We shall investigate links between the differential dynamic of closed manifolds and the symbolic dynamic of their fundamental group. Despite appearances, this is a talk about the arithmetic groups, and all the required notions of differential geometry will be carefully explained.

Let $A$ be a finite alphabet, and let $A^{\omega}$ be the set of semi-infinite words over $A$. An action of a group $G$ on $A^{\omega}$ is called $\it{similar}$ if for any $g\in G$, $a\in A$ there is $b\in A$ and $g_{a}\in G$ such that

$g\cdot (a\ast w) = b\ast g_{a}\cdot \omega$, for all $\omega\in A^{\omega}$,

where $\cdot$ is the symbol of the action and $\ast$ is the concatenation.

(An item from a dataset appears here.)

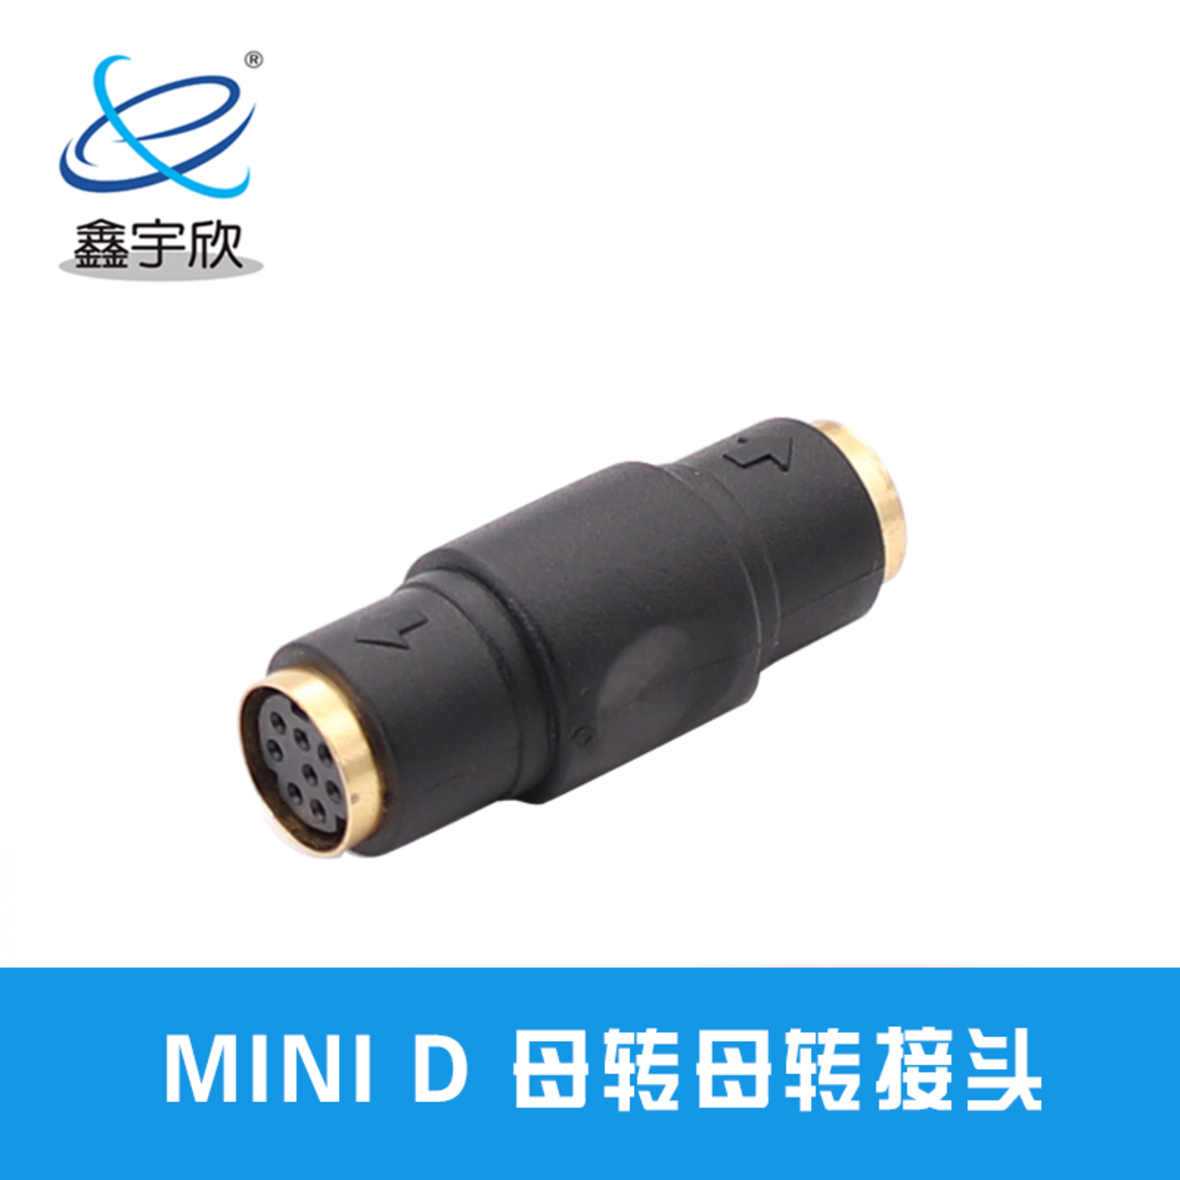  MINI DIN 8PIN视频转接头 MD8P母对母 转换器 视频信号延长

The action is called $\it{minimal}$ if all orbits are dense (note that $A^{\omega} = \lim_{\leftarrow} A^{n}$ has a natural topology).

Recall that a diffeomorphism $\theta$ of a closed manifold $M$ is called Anosov if there is a $d\theta-invariant$ decomposition $TE = E_{u}\oplus E_{s}$ such that $d\theta|_{E_{s}}$ and $d\theta^{-1}|_{E_{u}}$ are contracting, with respect to some riemannian metric.

One of our two conjectures involves a closed manifold $M$ endowed with an Anosov diffeomorphism.

$Conjecture.$ There exists a minimal, free and self-similar action of $\pi1(M)$ on $A^{\omega}$ for some finite alphabet $A$.

$Theorem.$ Let $\overset{\sim}{M}$ be the universal cover of $M$. Assume that

(i) $\pi(M)$ is torsion free and virtually nilpotent,

(ii) $H\ast(\overset{\sim}{M}, \mathbb{R})$ is finite dimensional.

Then the conjecture holds for $M$.

This implies that our conjecture is a corollary of the classical Anosov-Smale conjecture. A second set of conjecture/result involves manifolds with an affine structure, in the spirit of Milnor's conjecture.